Data in this exercise:

⁂

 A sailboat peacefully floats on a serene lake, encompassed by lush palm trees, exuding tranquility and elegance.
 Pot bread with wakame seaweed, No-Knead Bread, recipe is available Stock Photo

⁂

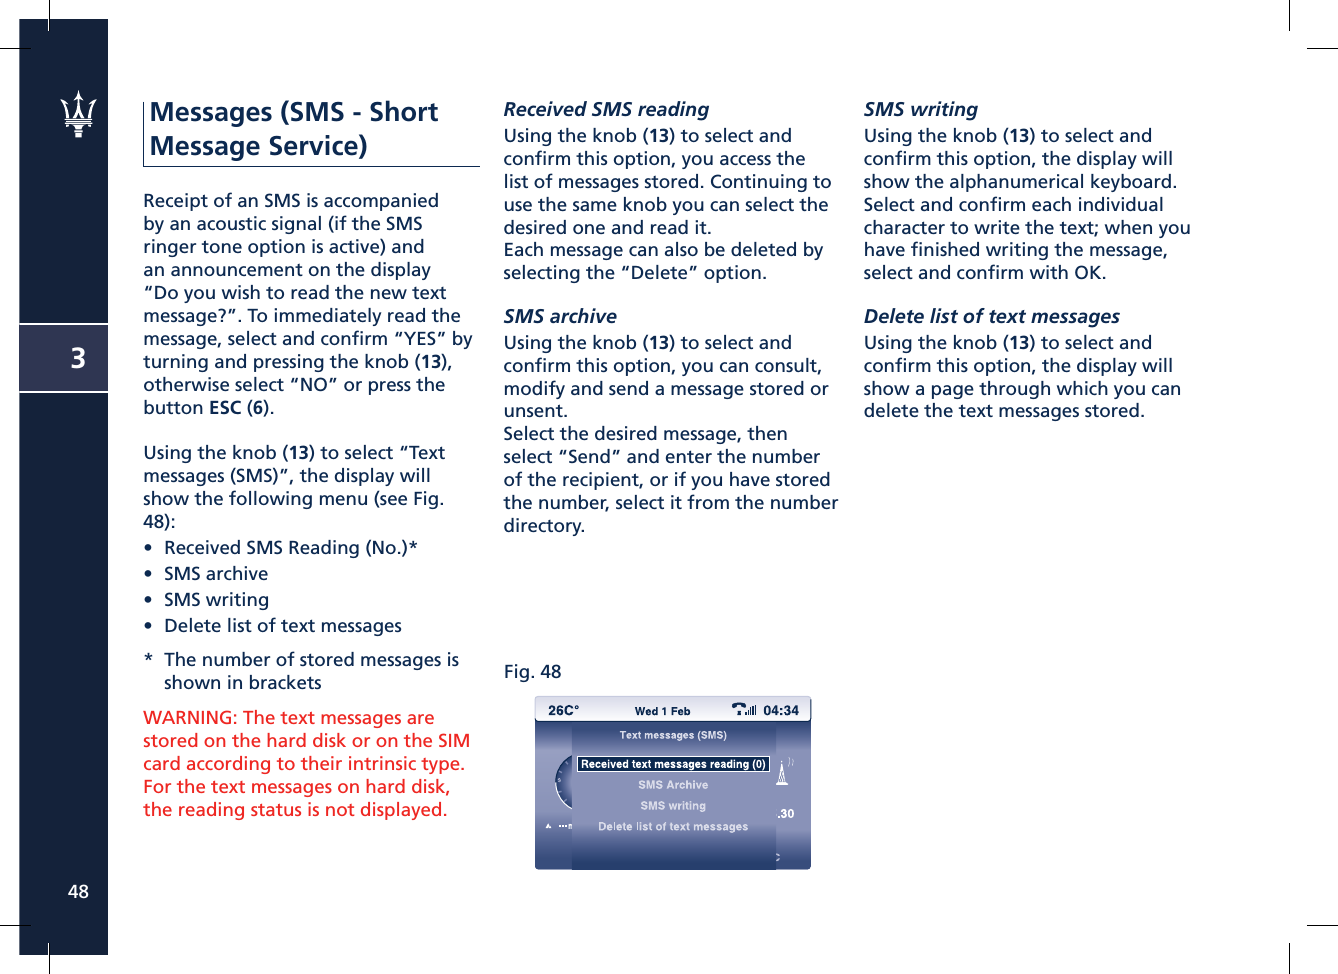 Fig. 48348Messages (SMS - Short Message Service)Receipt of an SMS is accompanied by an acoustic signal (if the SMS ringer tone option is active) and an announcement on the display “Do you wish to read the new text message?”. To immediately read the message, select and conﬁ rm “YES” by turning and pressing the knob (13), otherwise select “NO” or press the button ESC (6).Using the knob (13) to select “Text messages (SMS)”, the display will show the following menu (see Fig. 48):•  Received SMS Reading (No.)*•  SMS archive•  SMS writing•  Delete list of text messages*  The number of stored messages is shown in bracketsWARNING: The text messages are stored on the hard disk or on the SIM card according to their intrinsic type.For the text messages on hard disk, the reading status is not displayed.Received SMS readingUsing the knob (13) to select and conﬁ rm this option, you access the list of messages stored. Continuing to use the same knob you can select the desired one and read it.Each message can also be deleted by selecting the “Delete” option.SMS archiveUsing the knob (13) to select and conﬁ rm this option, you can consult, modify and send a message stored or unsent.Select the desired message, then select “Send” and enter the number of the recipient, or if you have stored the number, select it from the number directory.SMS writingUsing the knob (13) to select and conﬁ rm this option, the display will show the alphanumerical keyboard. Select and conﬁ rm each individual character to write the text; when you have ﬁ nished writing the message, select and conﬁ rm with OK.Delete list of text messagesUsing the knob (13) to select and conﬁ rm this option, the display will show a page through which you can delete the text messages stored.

⁂

What you will do:
I'd like the lines above from the one with "A sailboat peacefully" up to and including the one with "Pot bread with" copied exactly, with no other lines.

Result:
 A sailboat peacefully floats on a serene lake, encompassed by lush palm trees, exuding tranquility and elegance.
 Pot bread with wakame seaweed, No-Knead Bread, recipe is available Stock Photo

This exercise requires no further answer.